◆ **ABOUT THIS EXERCISE**
Print the listing in its entirety and exactly, leaving out images.

Start of STORED DATA

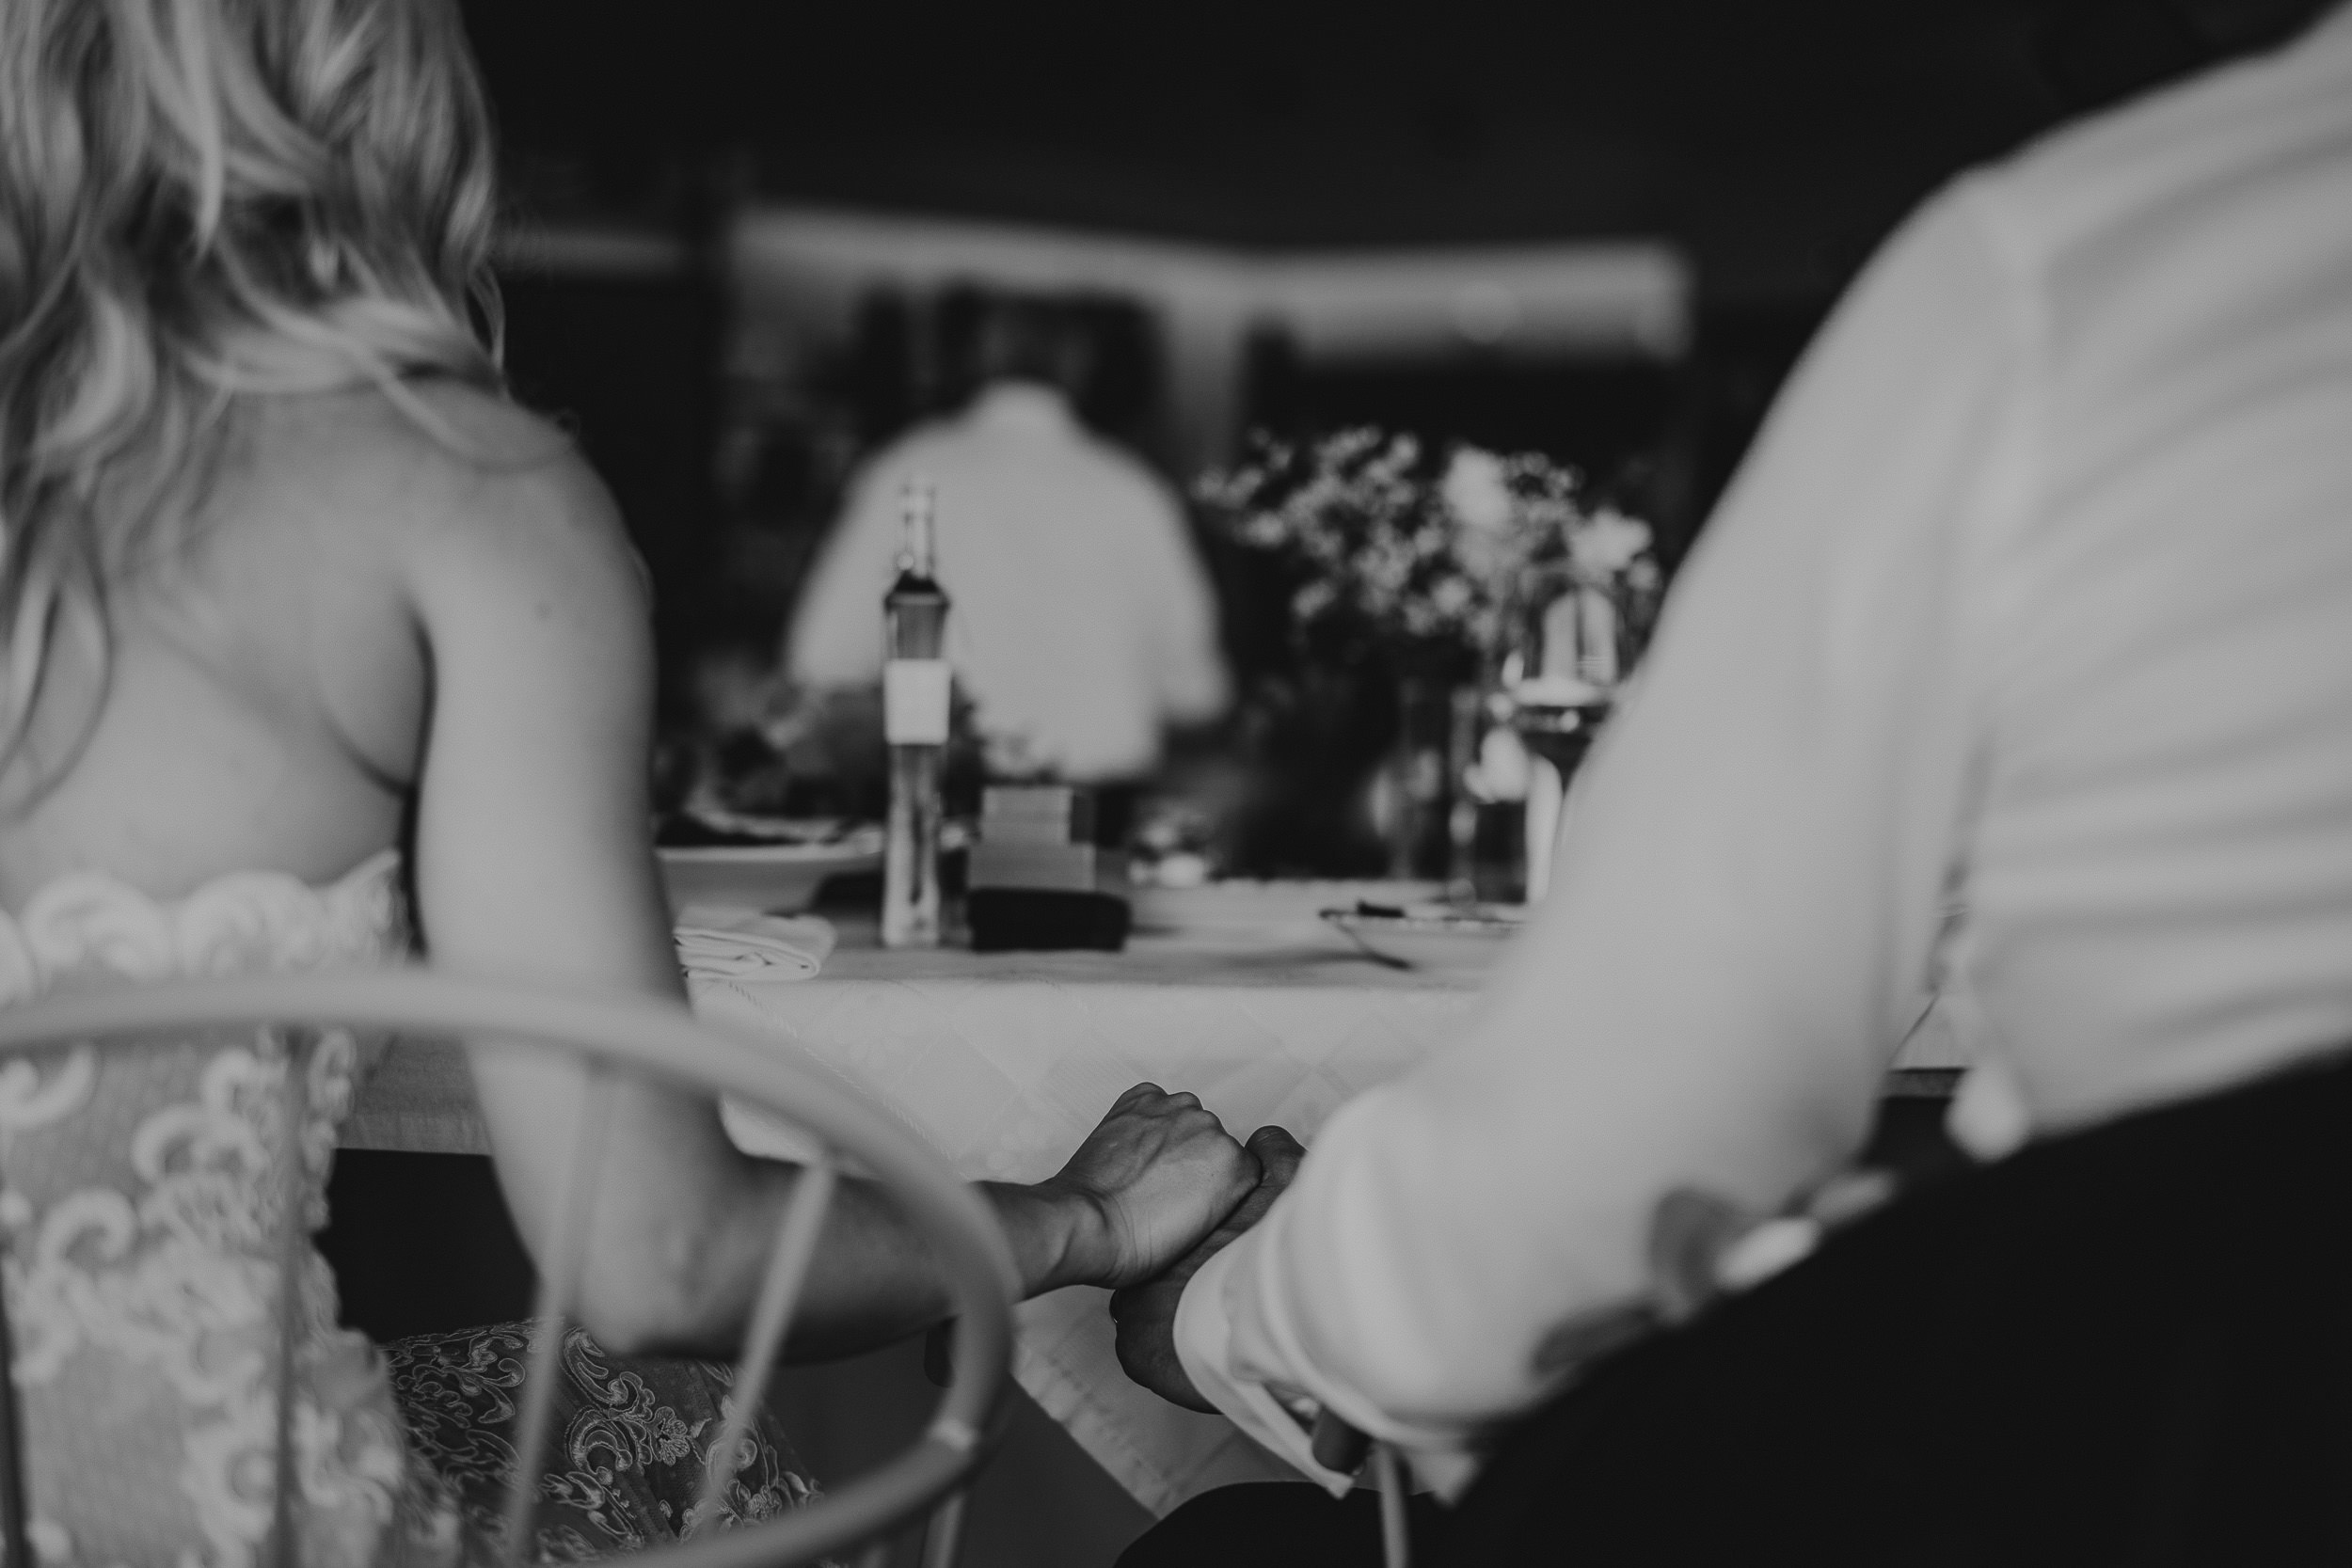 A wedding photographer captures the bride and groom's tender hand-holding moment at a table.
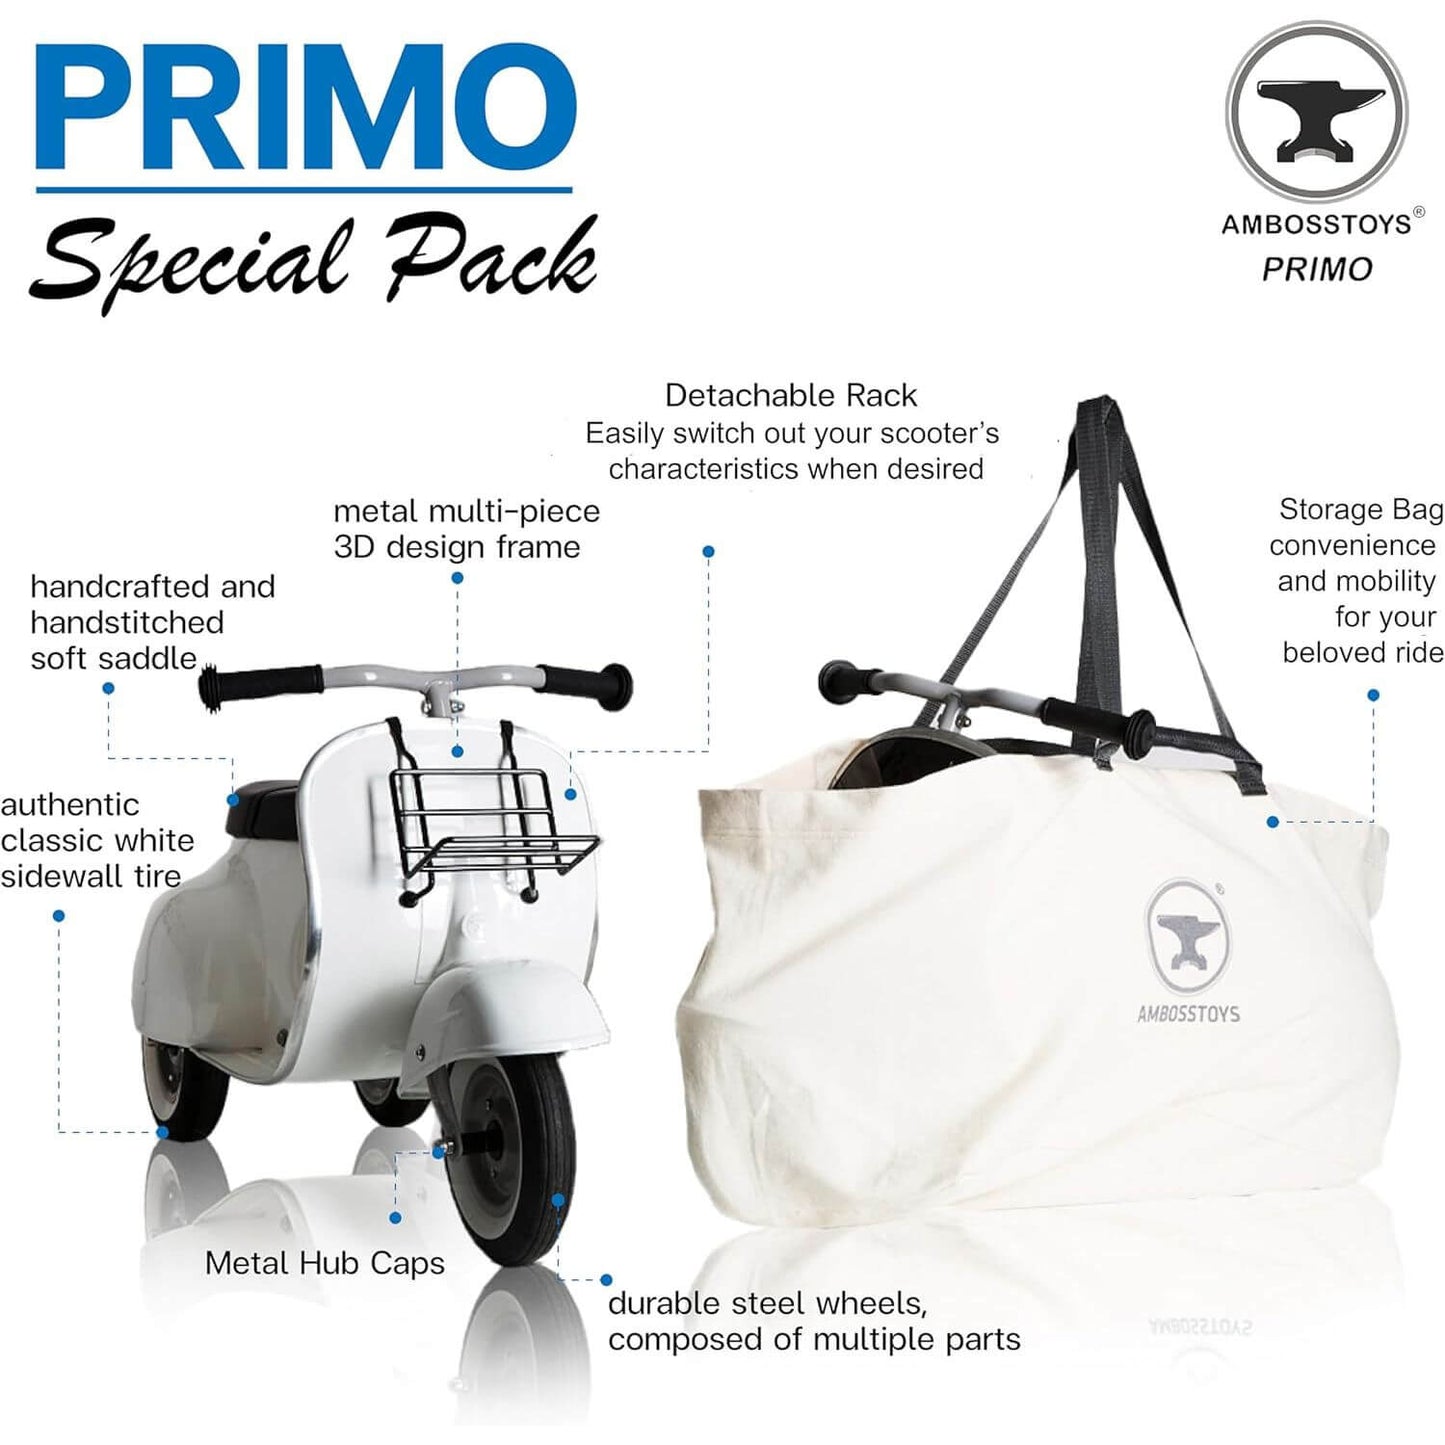 Primo Super White Ride-On Scooter - Features
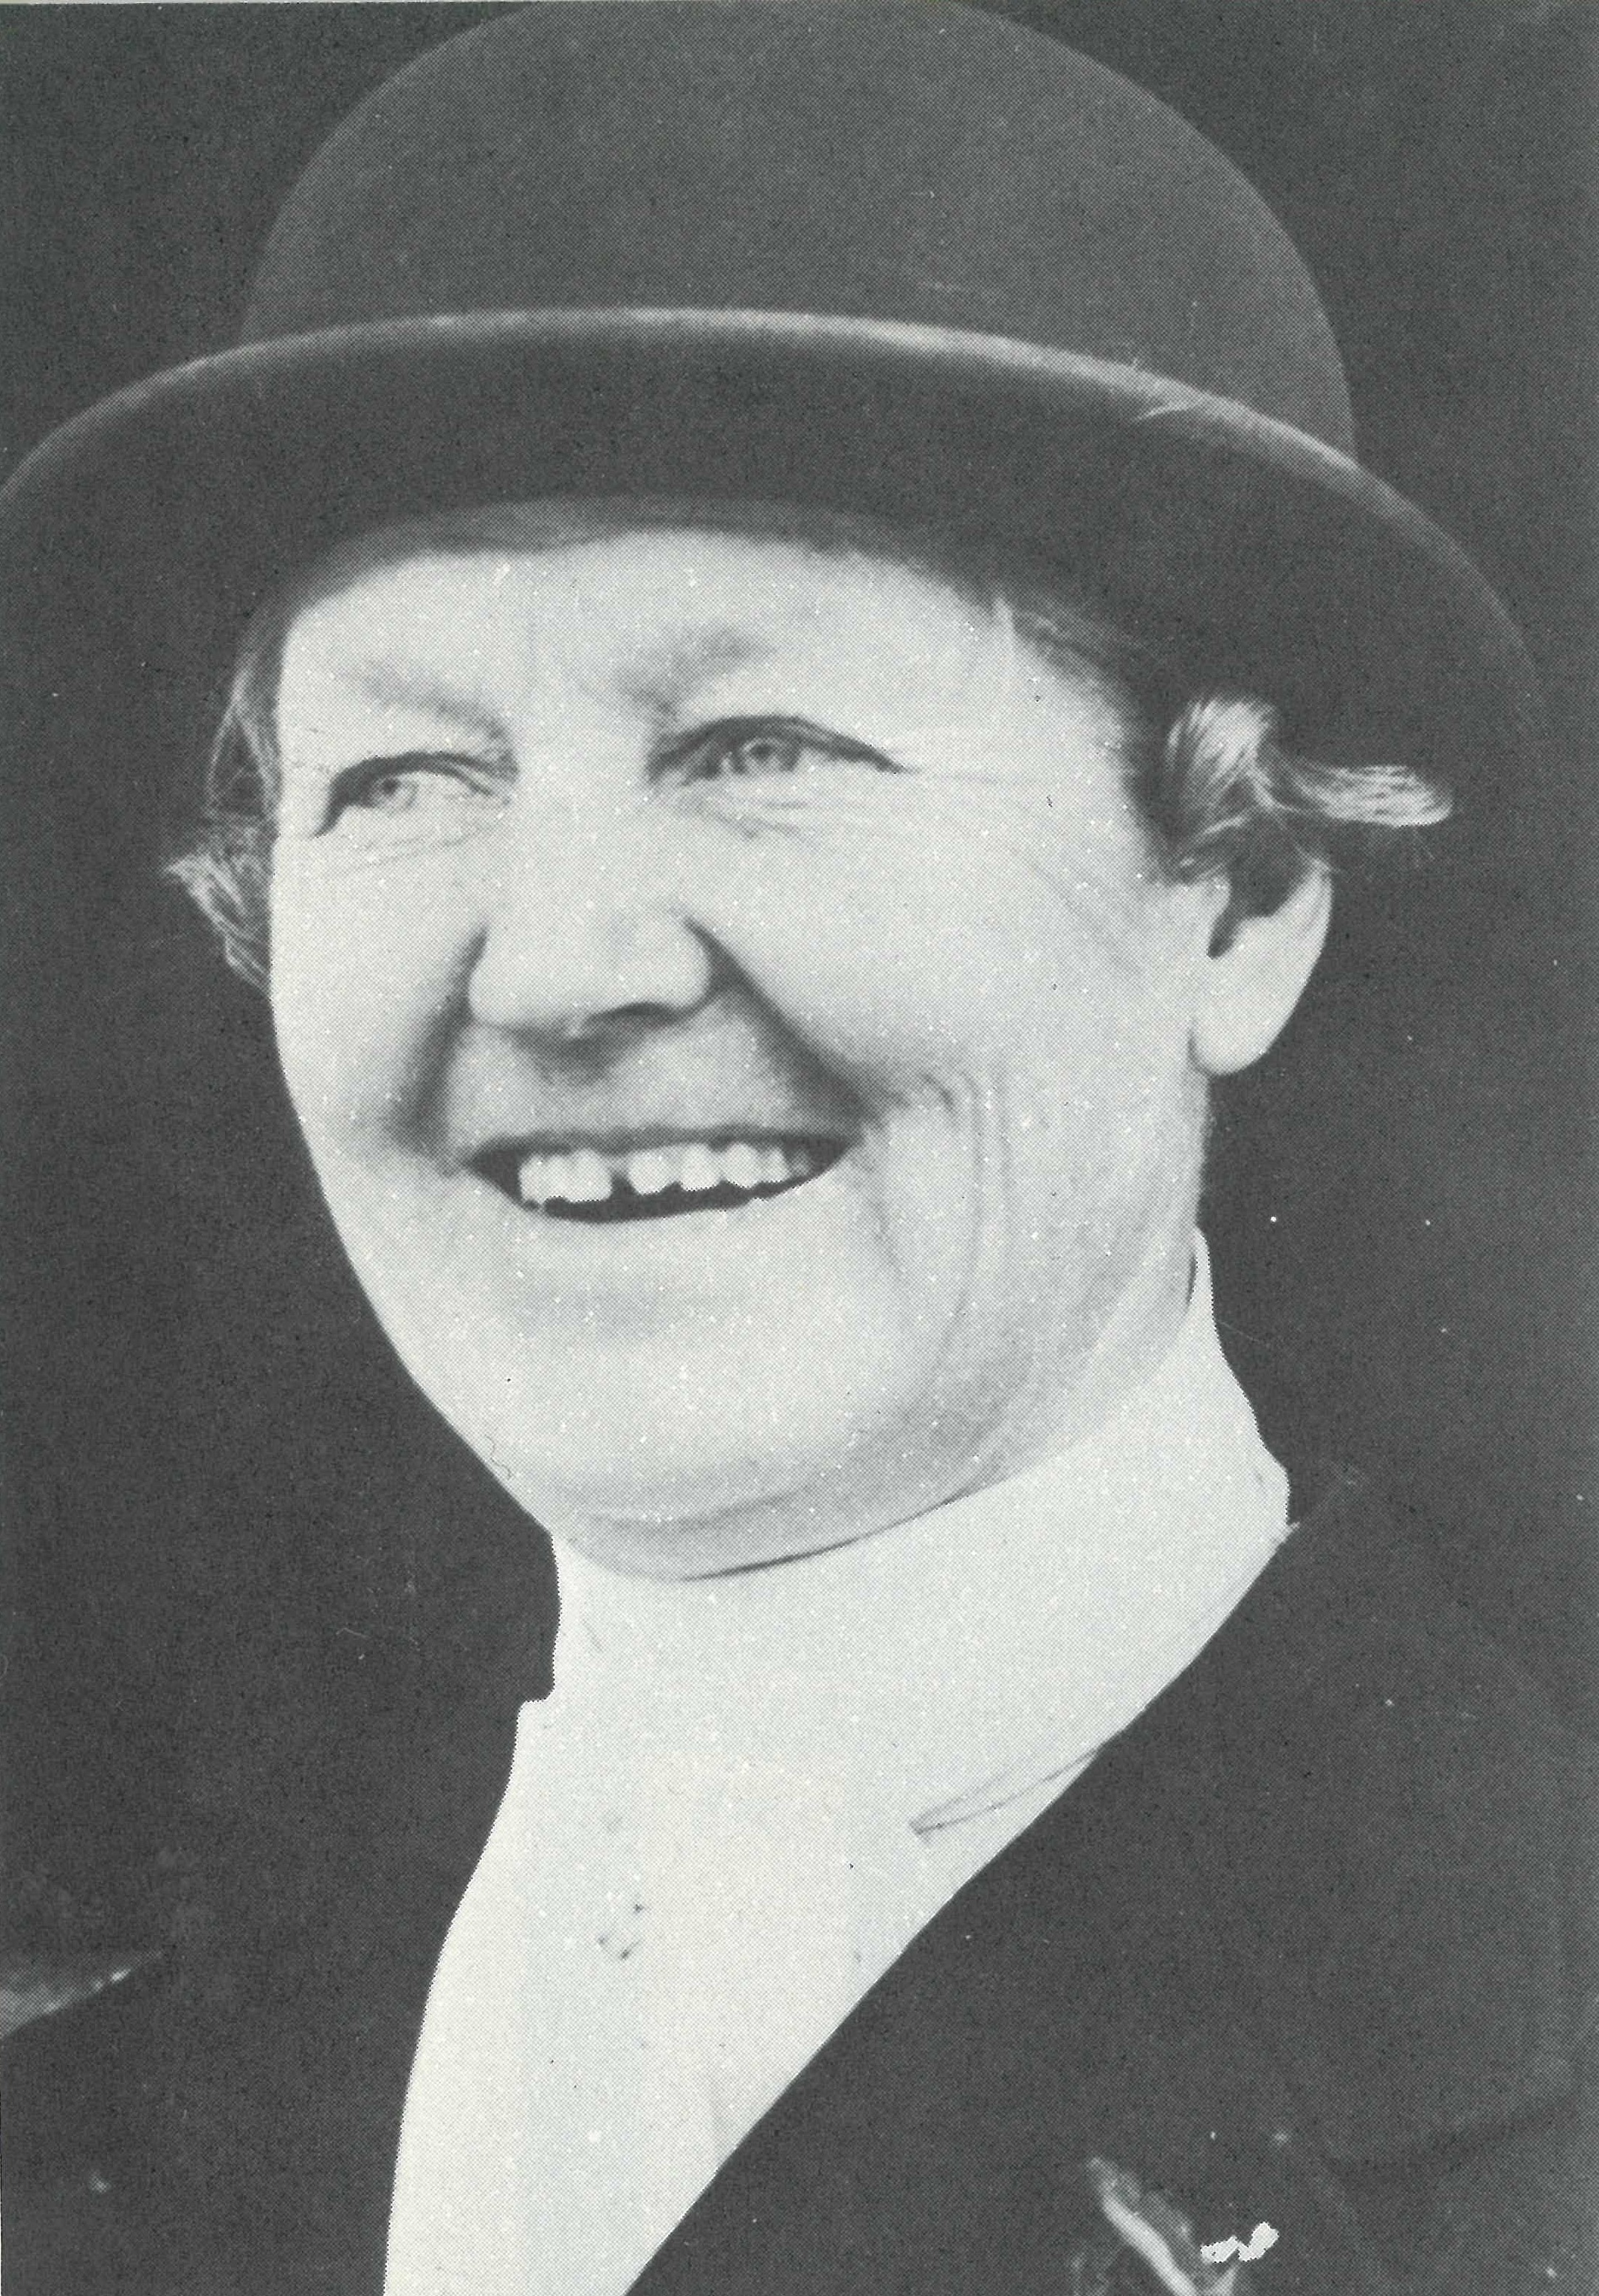 Eileen Coffey after winning her friend's award in 1937. Image courtesy of The Garryowen Trophy published by The Studmaster Press.

End of STORED DATA

◆ **RESULT OF THE EXERCISE**
 A wedding photographer captures the bride and groom's tender hand-holding moment at a table.
 Primo Super White Ride-On Scooter - Features
 Eileen Coffey after winning her friend's award in 1937. Image courtesy of The Garryowen Trophy published by The Studmaster Press.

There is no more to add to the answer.